What needs to be done => Write out the entire listing below exactly as it appears, minus any pictures.

Supplied material =>

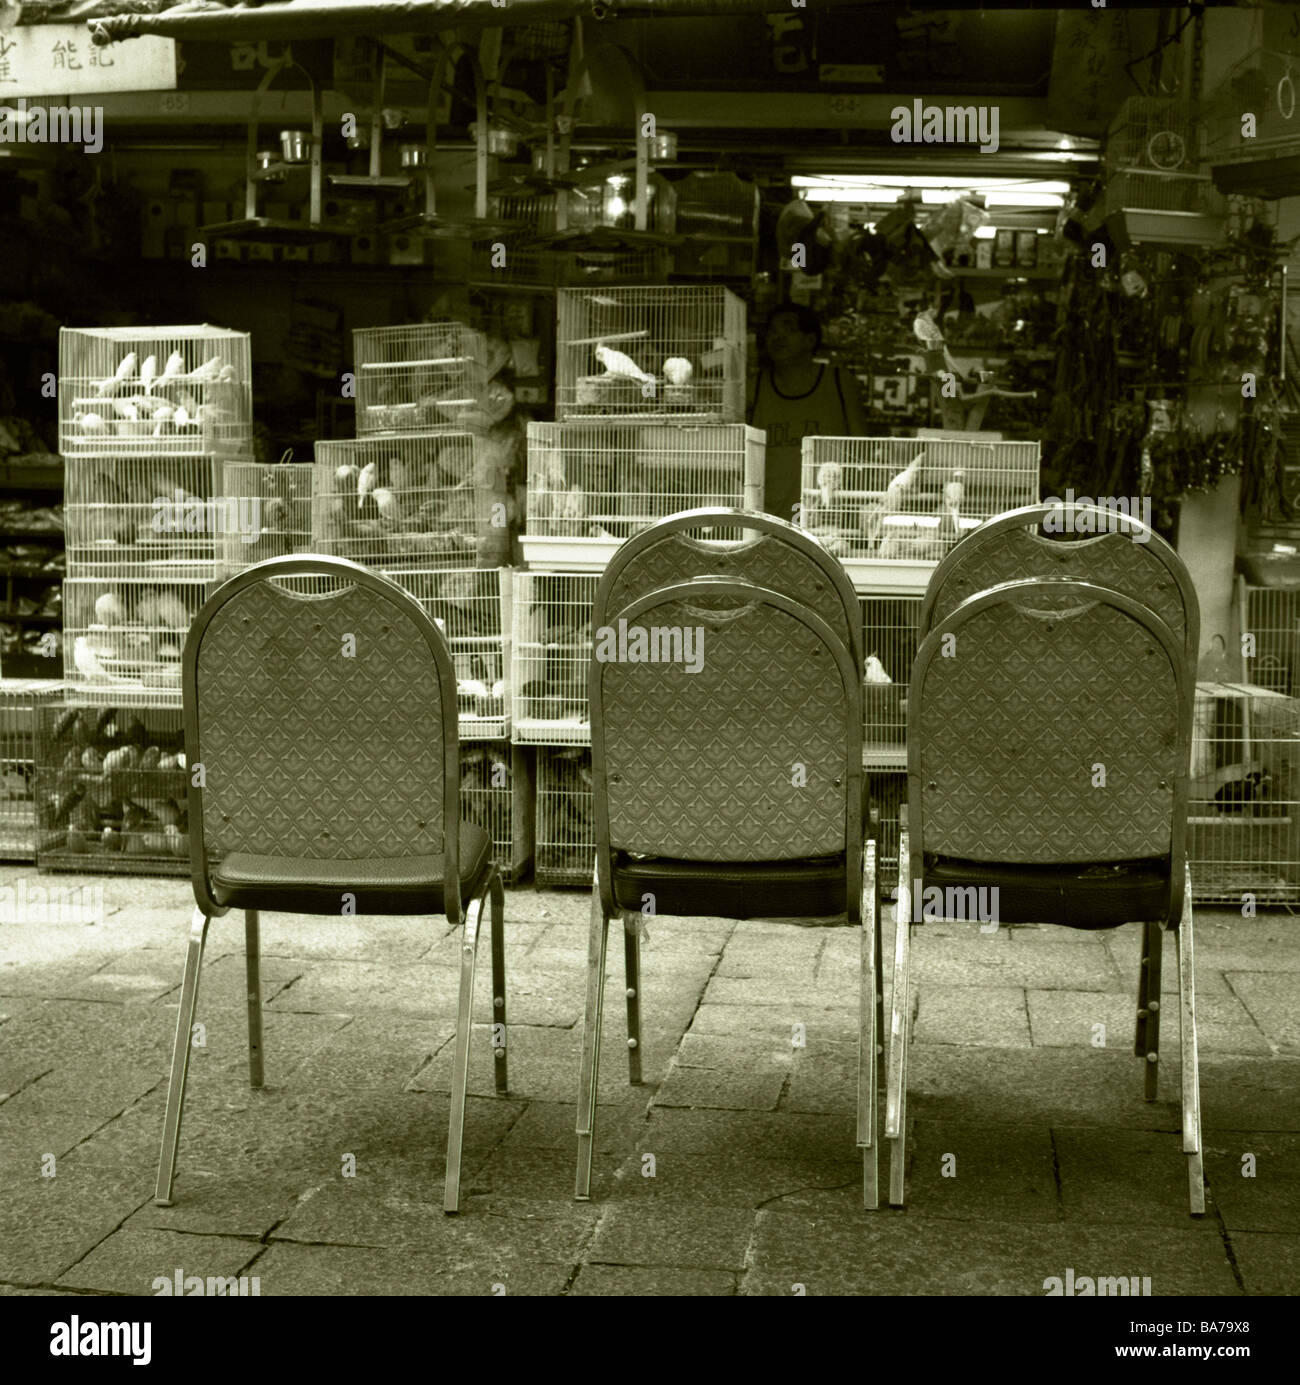 Chine Hong Kong Kowloon-oiseaux oiseaux cages marché vide chaises s/w Asie Asie de l'Est rue Marché aux oiseaux vente de district des cages Banque D'Images
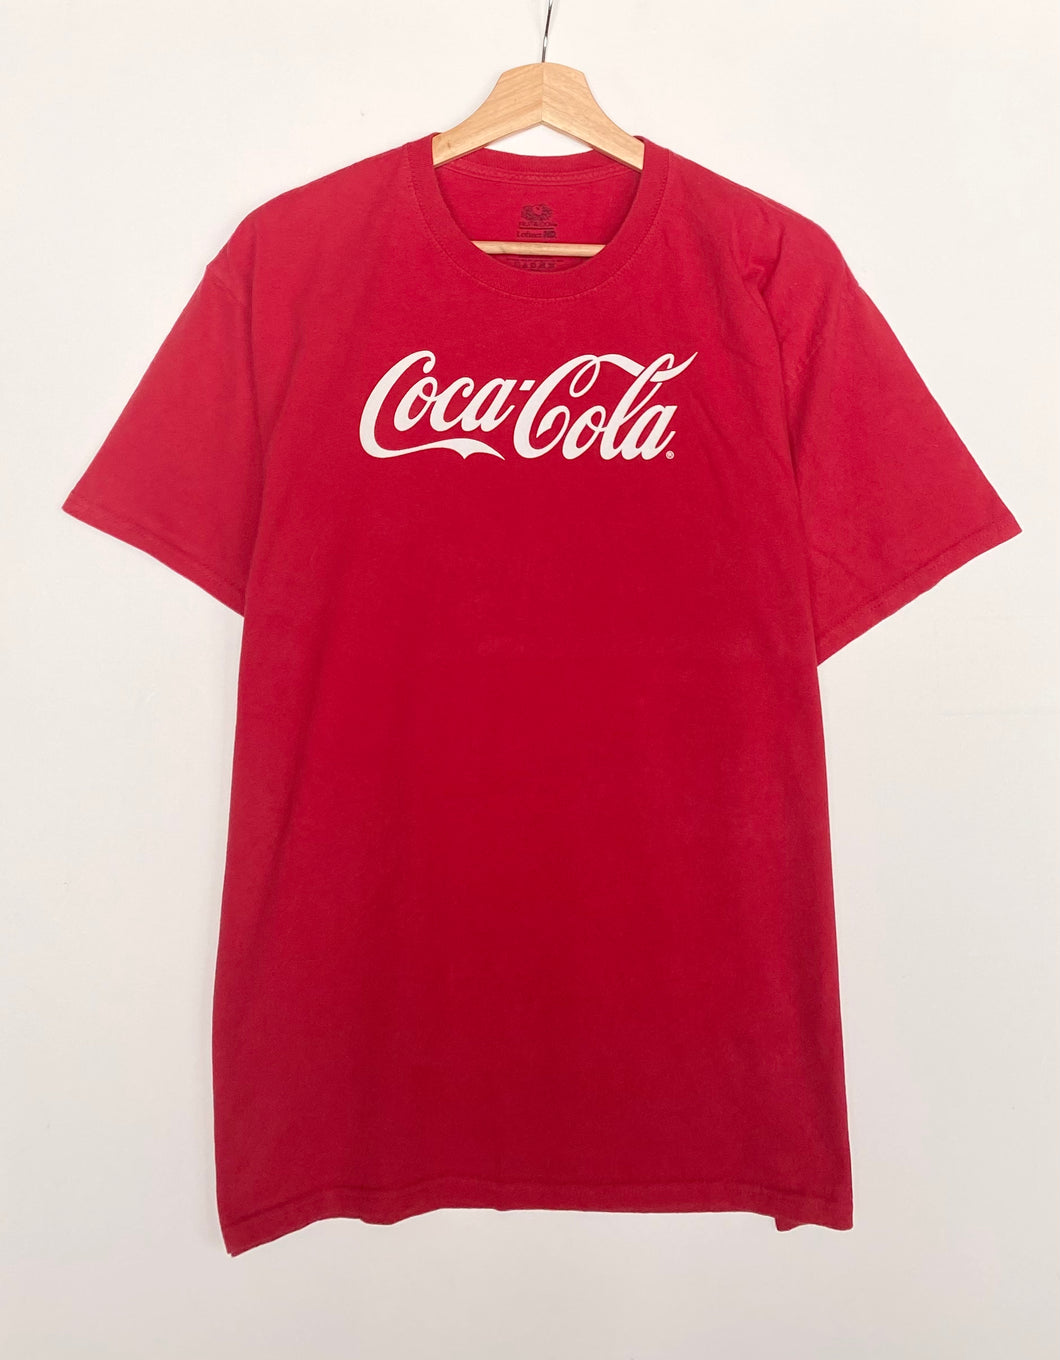 Printed ‘Coca Cola’ t-shirt (L)
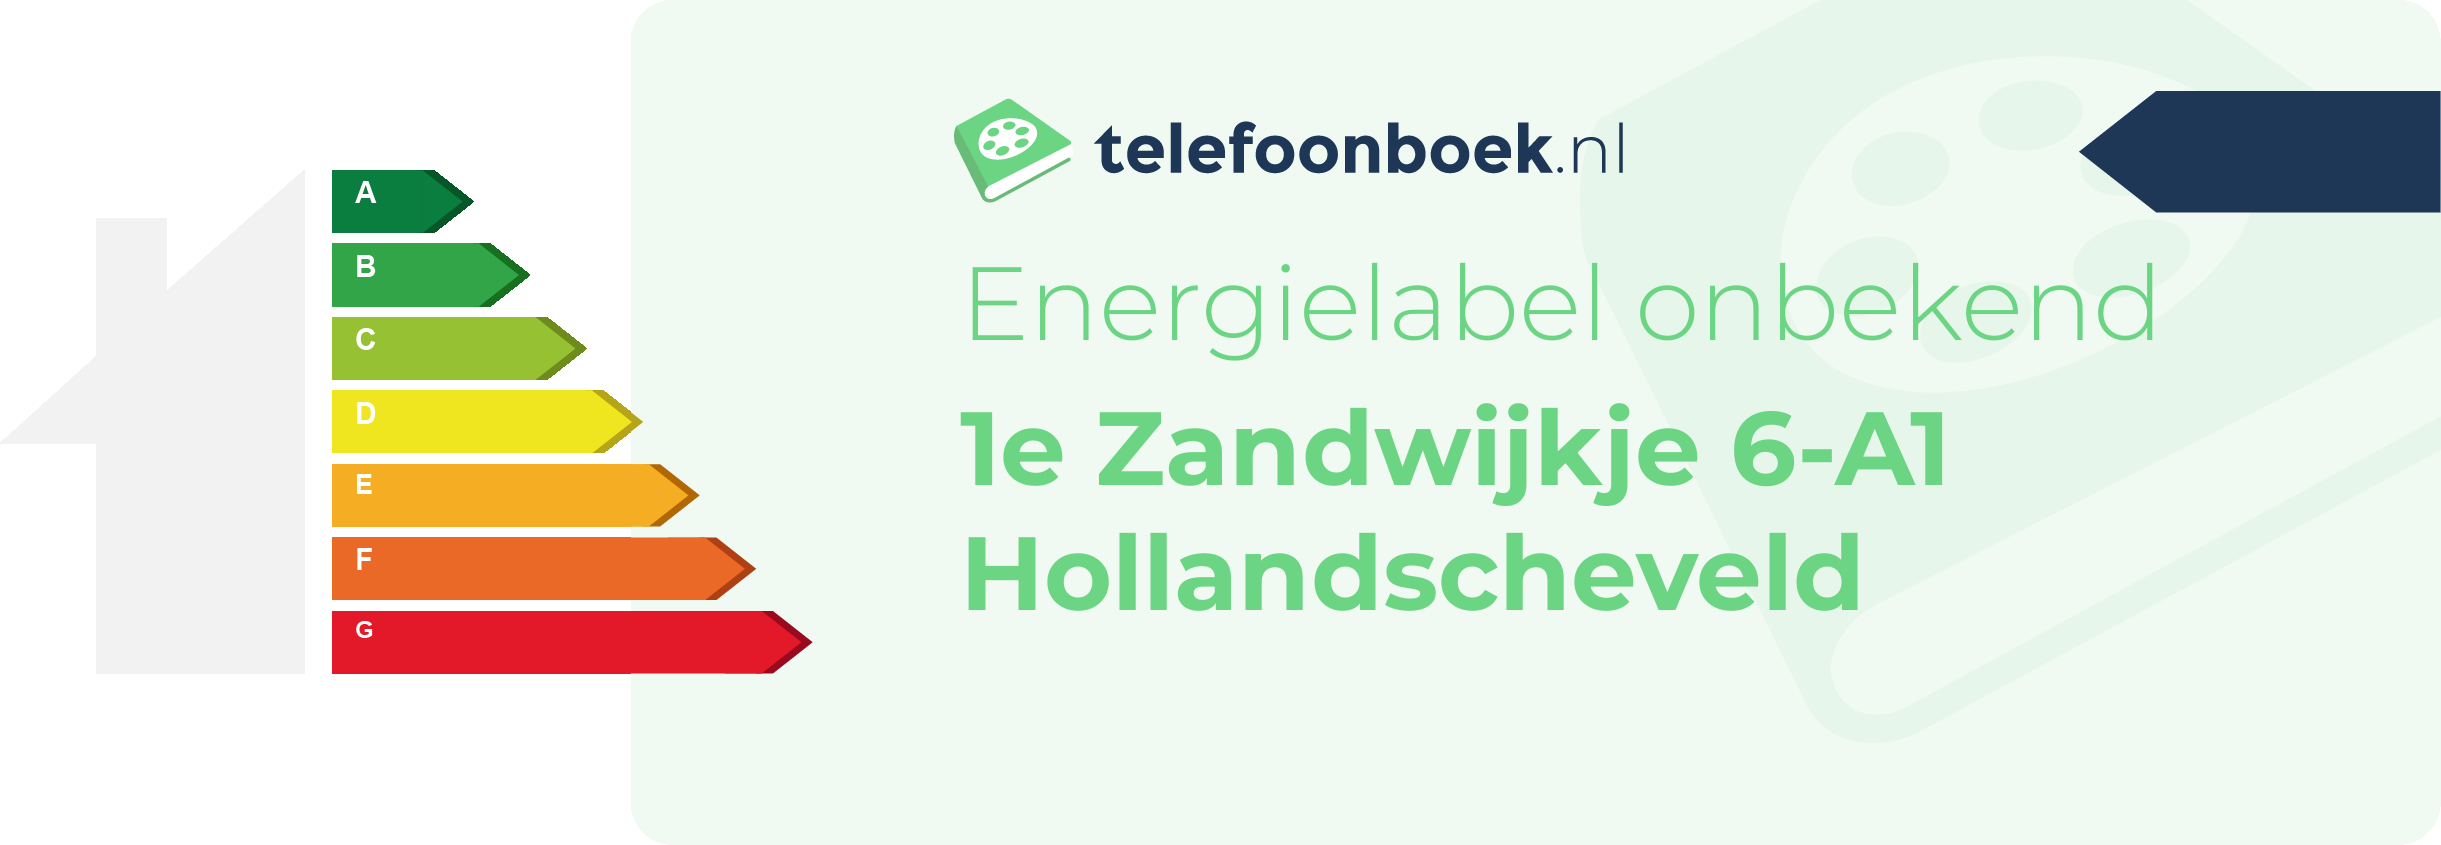 Energielabel 1e Zandwijkje 6-A1 Hollandscheveld

Response to this task =>
 Chine Hong Kong Kowloon-oiseaux oiseaux cages marché vide chaises s/w Asie Asie de l'Est rue Marché aux oiseaux vente de district des cages Banque D'Images
 Printed ‘Coca Cola’ t-shirt (L)
 Energielabel 1e Zandwijkje 6-A1 Hollandscheveld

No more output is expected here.